How do I access variables from within a spawned thread?

Use crossbeam_utils::thread::scope.

Questions about your function signatures

Should I return an iterator or a collection?

Pretty much always return an iterator. - AH

We suggested you use iterators a lot in your code. Share the love! Give iterators to your callers too.

If you know your caller will store the items you're returning in a concrete collection, such as a Vec or a HashSet, you may want to return that. In all other cases, return an iterator.

Your caller might:

  • Collect the iterator into a Vec
  • Collect it into a HashSet or some other specialized container
  • Loop over the items
  • Filter them or otherwise completely ignore some

Collecting the items into vector will only turn out to be right in one of these cases. In the other cases, you're wasting memory and CPU time by building a concrete collection.

This is weird for C++ programmers because iterators don't usually have robust references into the underlying data. Even Java iterators are scary, throwing ConcurrentModificationExceptions when you least expect it. Rust prevents that, at compile time. If you can return an iterator, you should.

flowchart LR
    subgraph Caller
    it_ref[reference to iterator]
    end
    subgraph it_outer[Iterator]
    it[Iterator]
    it_ref --reference--> it
    end
    subgraph data[Underlying data]
    dat[Underlying data]
    it --reference--> dat
    end

How flexible should my parameters be?

Which of these is best?


#![allow(unused)]
fn main() {
fn a(params: &[String]) {
    // ...
}

fn b(params: &[&str]) {
    // ...
}

fn c(params: &[impl AsRef<str>]) {
    // ...
}
}

(You'll need to make an equivalent decision in other cases, e.g. Path versus PathBuf versus AsRef<Path>.)

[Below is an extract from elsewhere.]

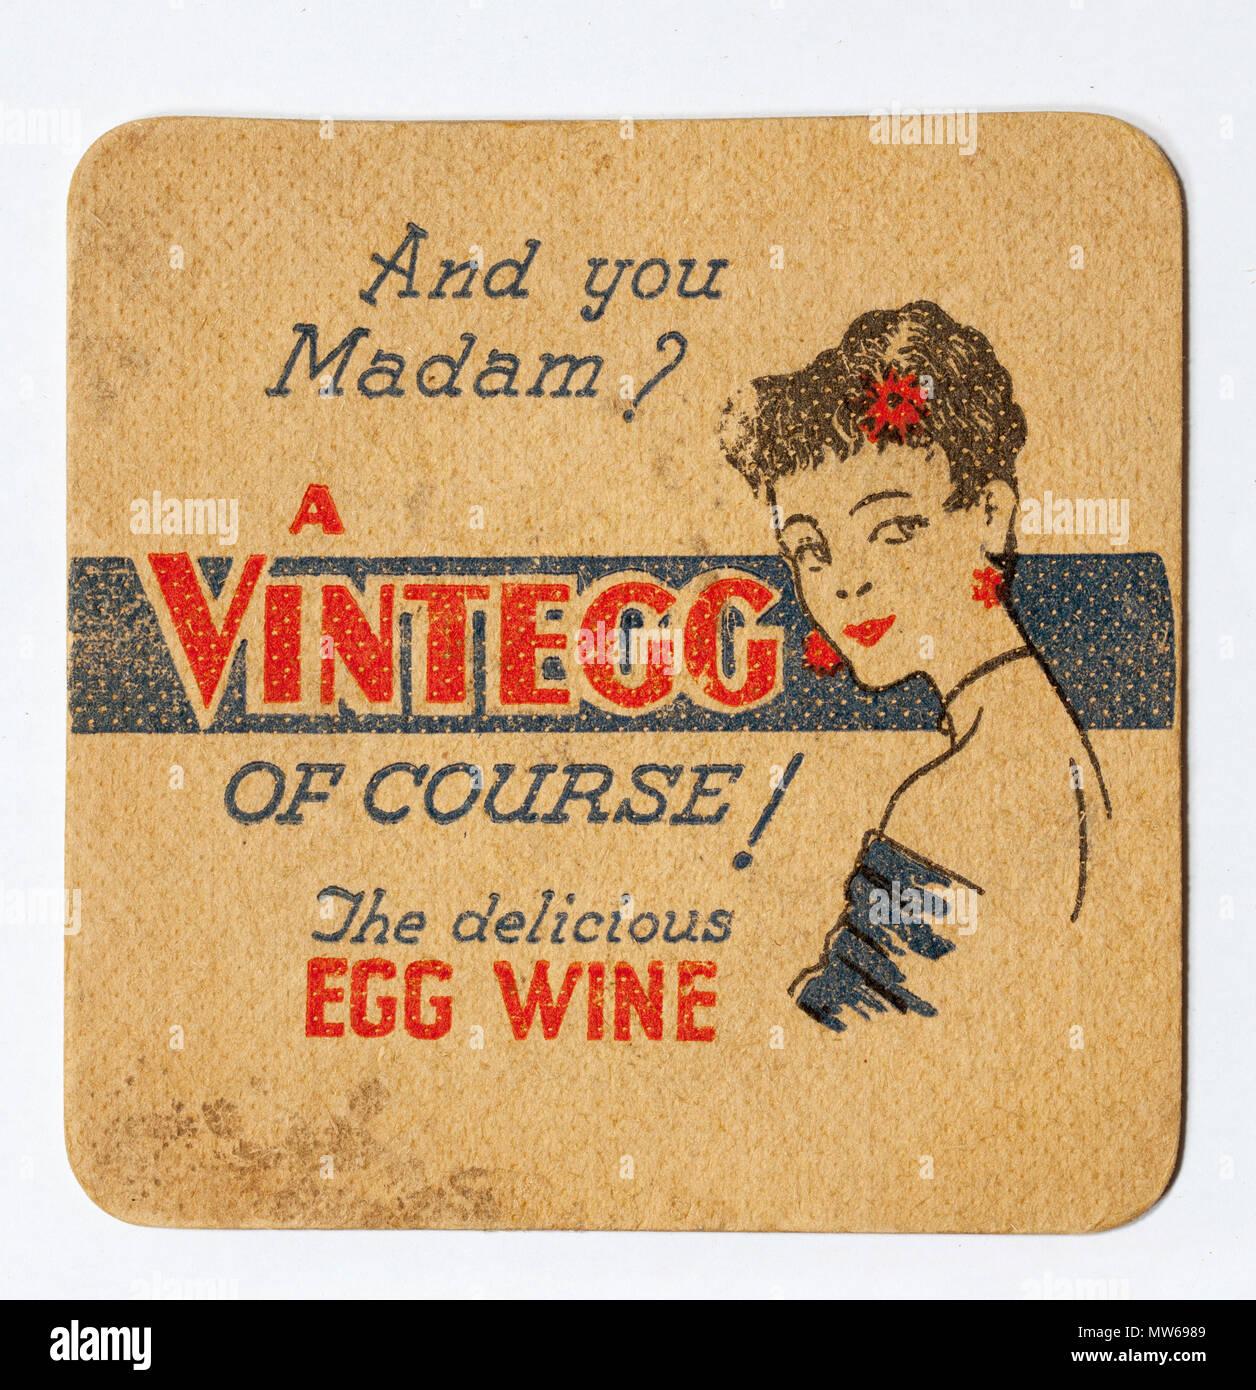 Wine Vintage 1950 s Immagini   Wine Vintage 1950 s Fotos Stock - Alamy 577451e797af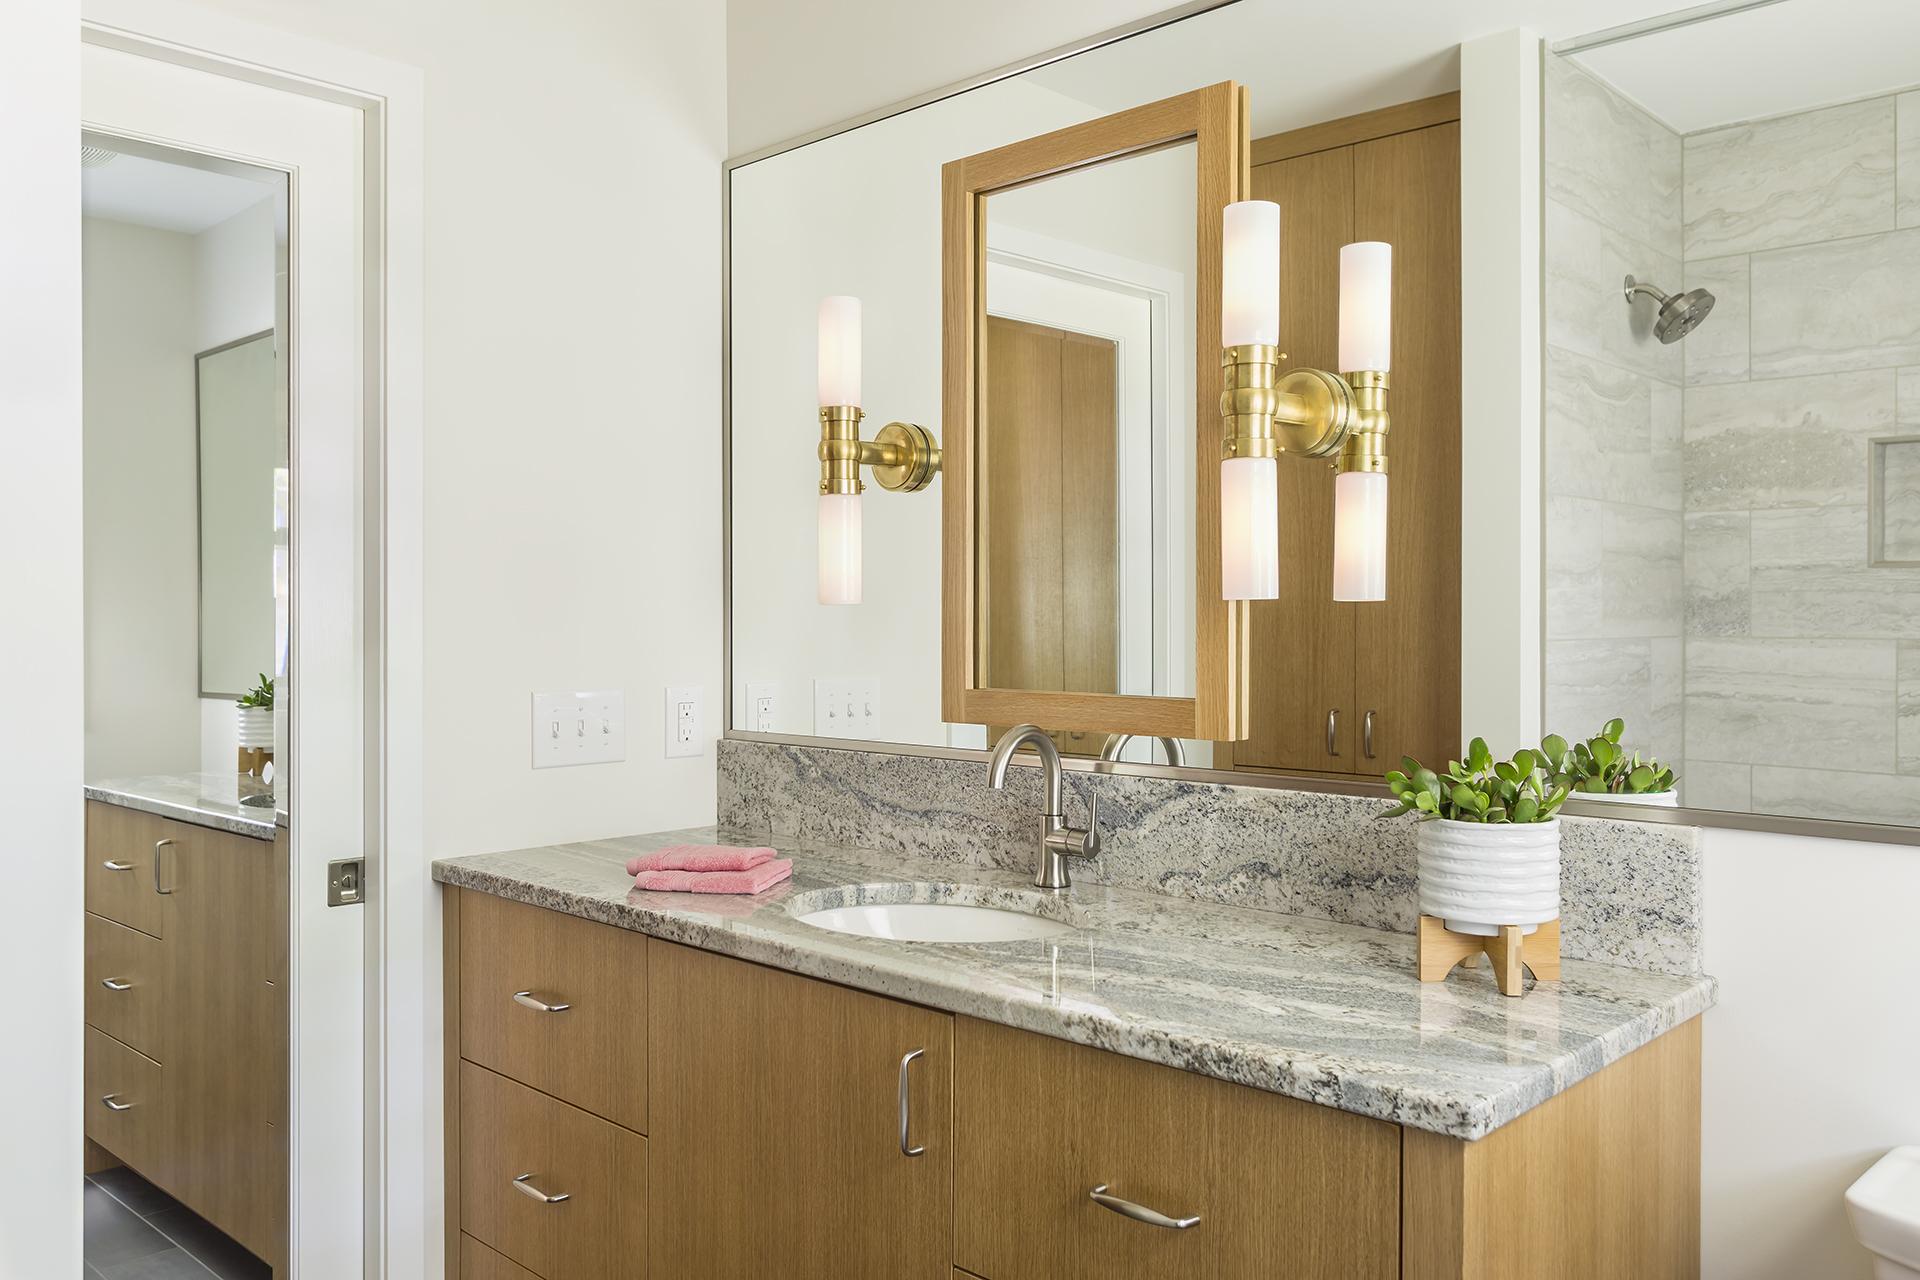 Bathroom2_LightsOn_2019_06_03.jpg

None of the options is clearly superior; for each option, there's a case it can't handle that the others can:

fn a(params: &[String]) {
}
fn b(params: &[&str]) {
}
fn c(params: &[impl AsRef<str>]) {
}
fn main() {
    a(&[]);
    // a(&["hi"]); // doesn't work
    a(&vec![format!("hello")]);

    b(&[]);
    b(&["hi"]);
    // b(&vec![format!("hello")]); // doesn't work

    // c(&[]); // doesn't work
    c(&["hi"]);
    c(&vec![format!("hello")]);
}

So you have a variety of interesting ways to slightly annoy your callers under different circumstances. Which is best?

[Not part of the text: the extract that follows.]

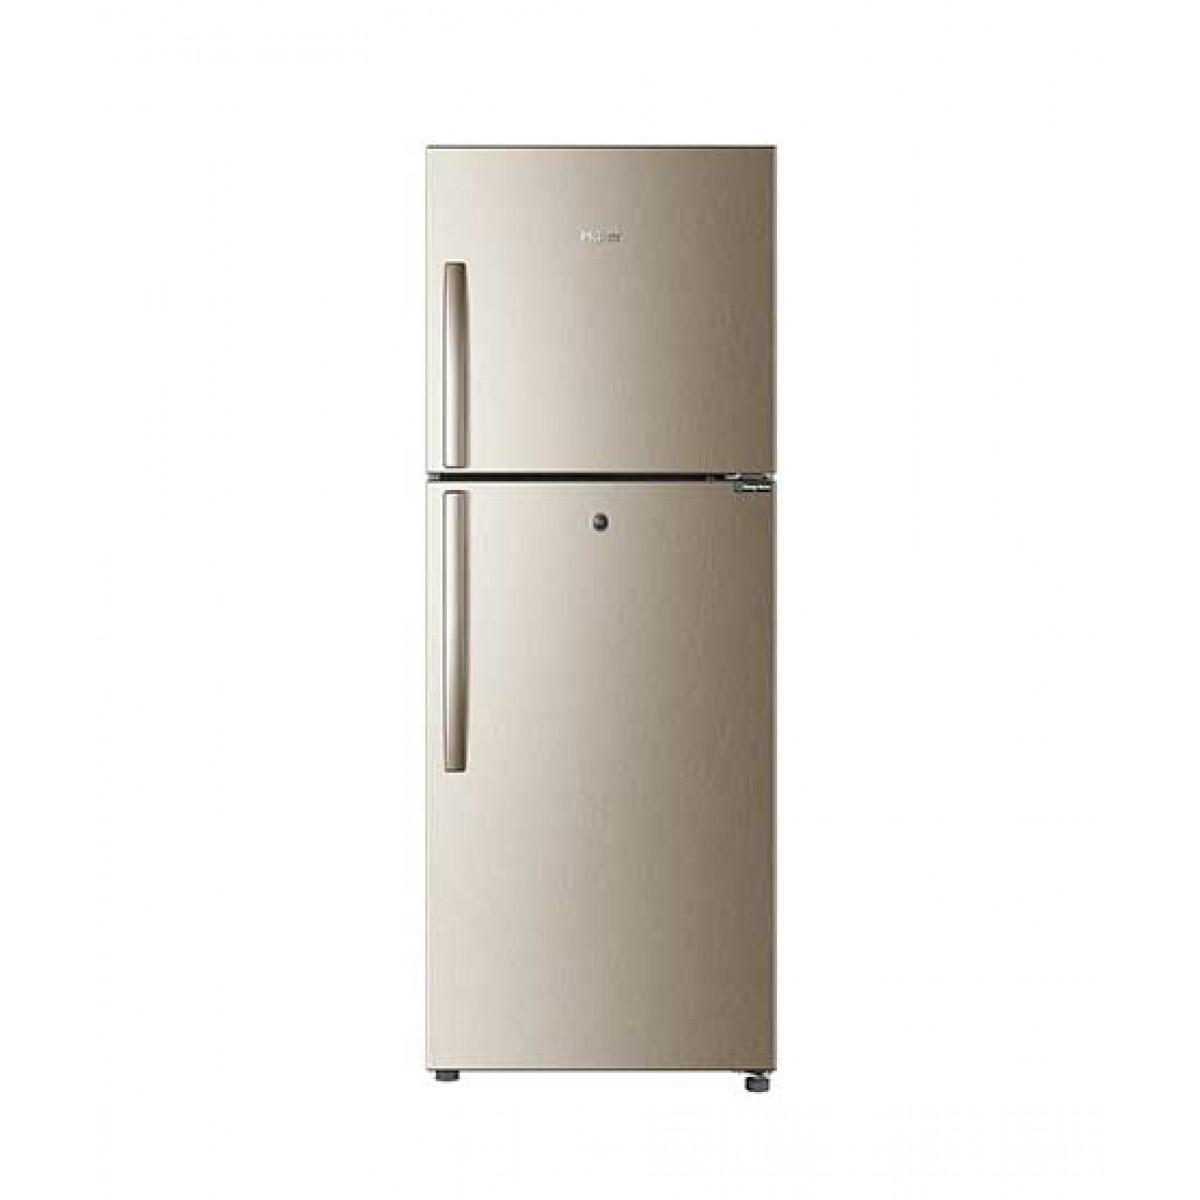 Haier E-Star Freezer-On-Top Refrigerator 10 Cu Ft (HRF-306ECD)

AsRef has some advantages: if a caller has a Vec<String>, they can use that directly, which would be impossible with the other options. But if they want to pass an empty list, they'll have to explicitly specify the type (for instance &Vec::<String>::new()).

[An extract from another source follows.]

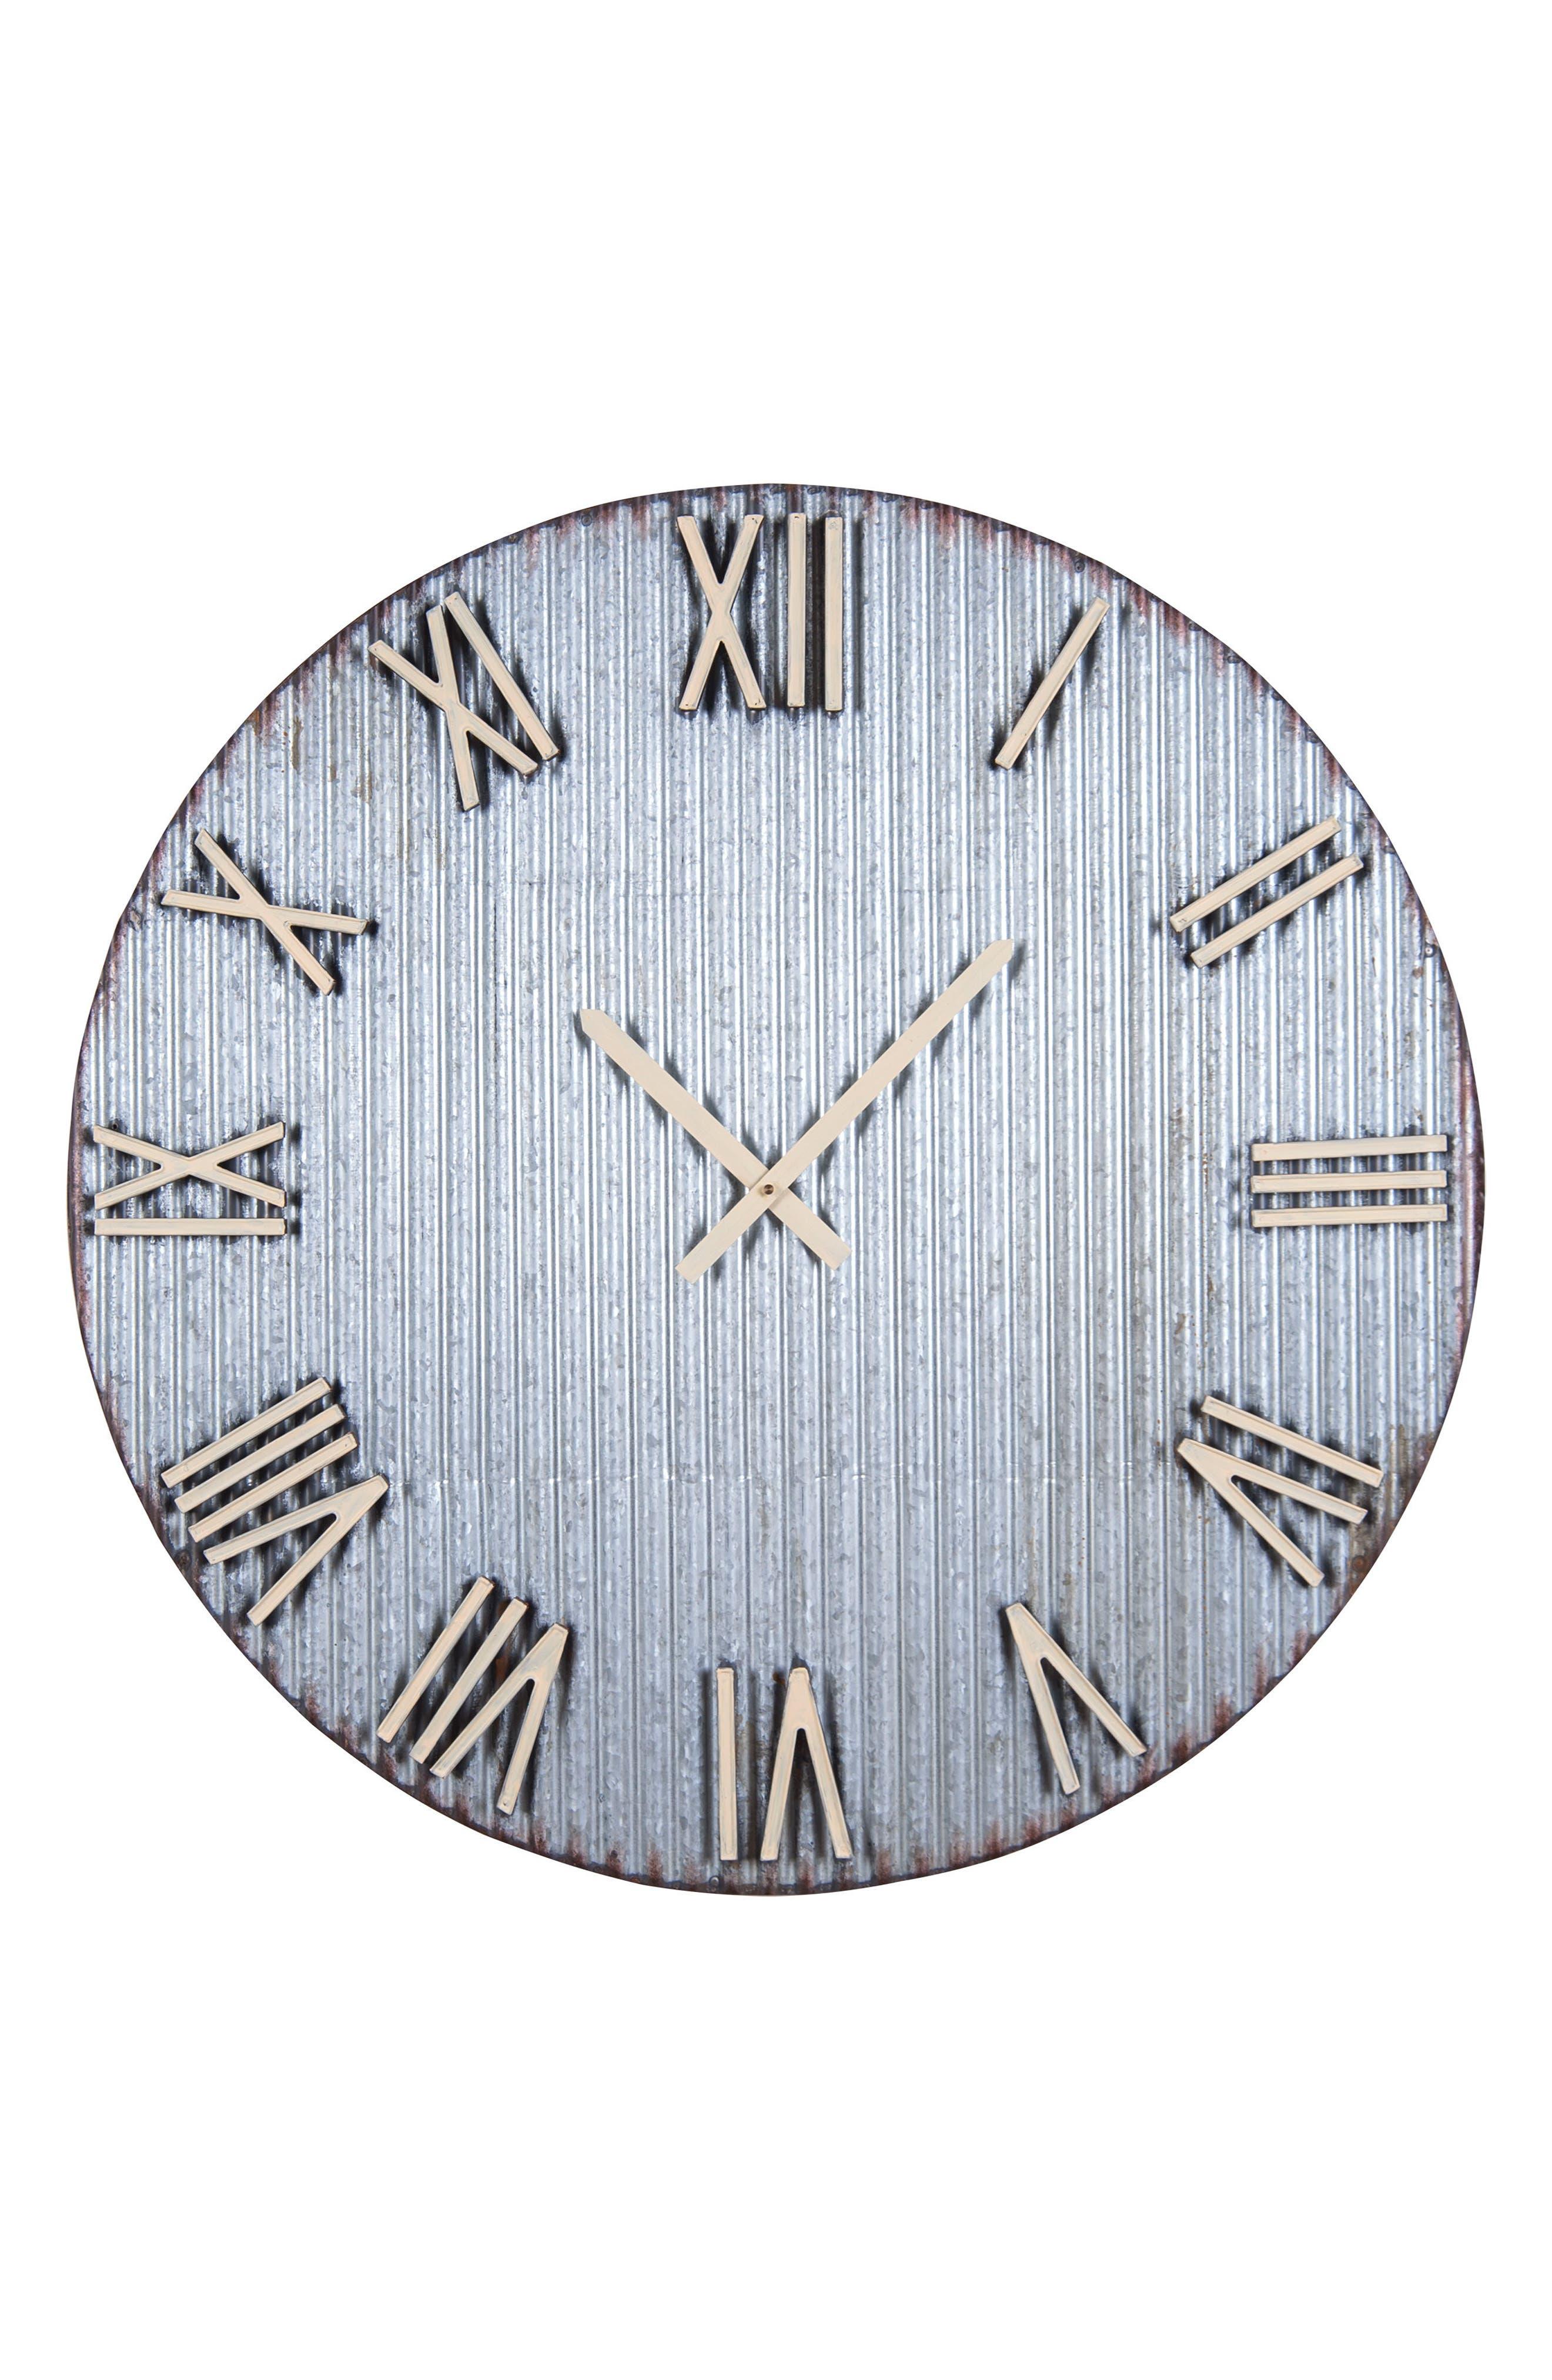 Farmers Corrugated Metal Wall Clock,                             Main thumbnail 1, color,                             Metal

Not a huge fan of AsRef everywhere - it's just saving the caller typing. If you have lots of AsRef then nothing is object-safe. - MG

TL;DR: choose the middle option, &[&str]. If your caller happens to have a vector of String, it's relatively little work to get a slice of &str:

fn b(params: &[&str]) {
}

fn main() {
    // Instead of b(&vec![format!("hello")]);
    let hellos = vec![format!("hello")];
    b(&hellos.iter().map(String::as_str).collect::<Vec<_>>());
}

How do I overload constructors?

You can't do this:


#![allow(unused)]
fn main() {
struct BirthdayCard {}
impl BirthdayCard {
    fn new(name: &str) -> Self {
      Self{}
        // ...
    }

    // Can't add more overloads:
    //
    // fn new(name: &str, age: i32) -> BirthdayCard { ... }
    //
    // fn new(name: &str, text: &str) -> BirthdayCard { ... }
}
}

If you have a default constructor, and a few variants for other cases, you can simply write them as different static methods. An idiomatic way to do this is to write a new() constructor and then with_foo() constructors that apply the given "foo" when constructing.


#![allow(unused)]
fn main() {
struct Racoon {}
impl Racoon {
    fn new() -> Self {
      Self{}
        // ...
    }
    fn with_age(age: usize) -> Self {
      Self{}
        // ...
    }
}
}

If you have have a bunch of constructors and no default, it may make sense to instead provide a set of new_foo() constructors.


#![allow(unused)]
fn main() {
struct Animal {}
impl Animal {
    fn new_squirrel() -> Self {
      Self{}
        // ...
    }
    fn new_badger() -> Self {
      Self{}
        // ...
    }
}
}

For a more complex situation, you may use the builder pattern. The builder has a set of methods which take &mut self and return &mut Self. Then add a build() that returns the final constructed object.


#![allow(unused)]
fn main() {
struct BirthdayCard {}

struct BirthdayCardBuilder {}
impl BirthdayCardBuilder {
    fn new(name: &str) -> Self {
      Self{}
        // ...
    }

    fn age(&mut self, age: i32) -> &mut Self {
        self
        // ...
    }

    fn text(&mut self, text: &str) -> &mut Self {
        self
        // ...
    }

    fn build(&mut self) -> BirthdayCard { BirthdayCard { /* ... */ } }
}
}

You can then chain these into short or long constructions, passing parameters as necessary:

struct BirthdayCard {}

struct BirthdayCardBuilder {}
impl BirthdayCardBuilder {
    fn new(name: &str) -> BirthdayCardBuilder {
      Self{}
      // ...
    }

    fn age(&mut self, age: i32) -> &mut BirthdayCardBuilder {
        self
        // ...
     }

    fn text(&mut self, text: &str) -> &mut BirthdayCardBuilder {
        self
        // ...
     }

    fn build(&mut self) -> BirthdayCard { BirthdayCard { /* ... */ } }
}

fn main() {
    let card = BirthdayCardBuilder::new("Paul")
        .age(64)
        .text("Happy Valentine's Day!")
        .build();
}

Note another advantage of builders: Overloaded constructors often don't provide all possible combinations of parameters, whereas with the builder pattern, you can combine exactly the parameters you want.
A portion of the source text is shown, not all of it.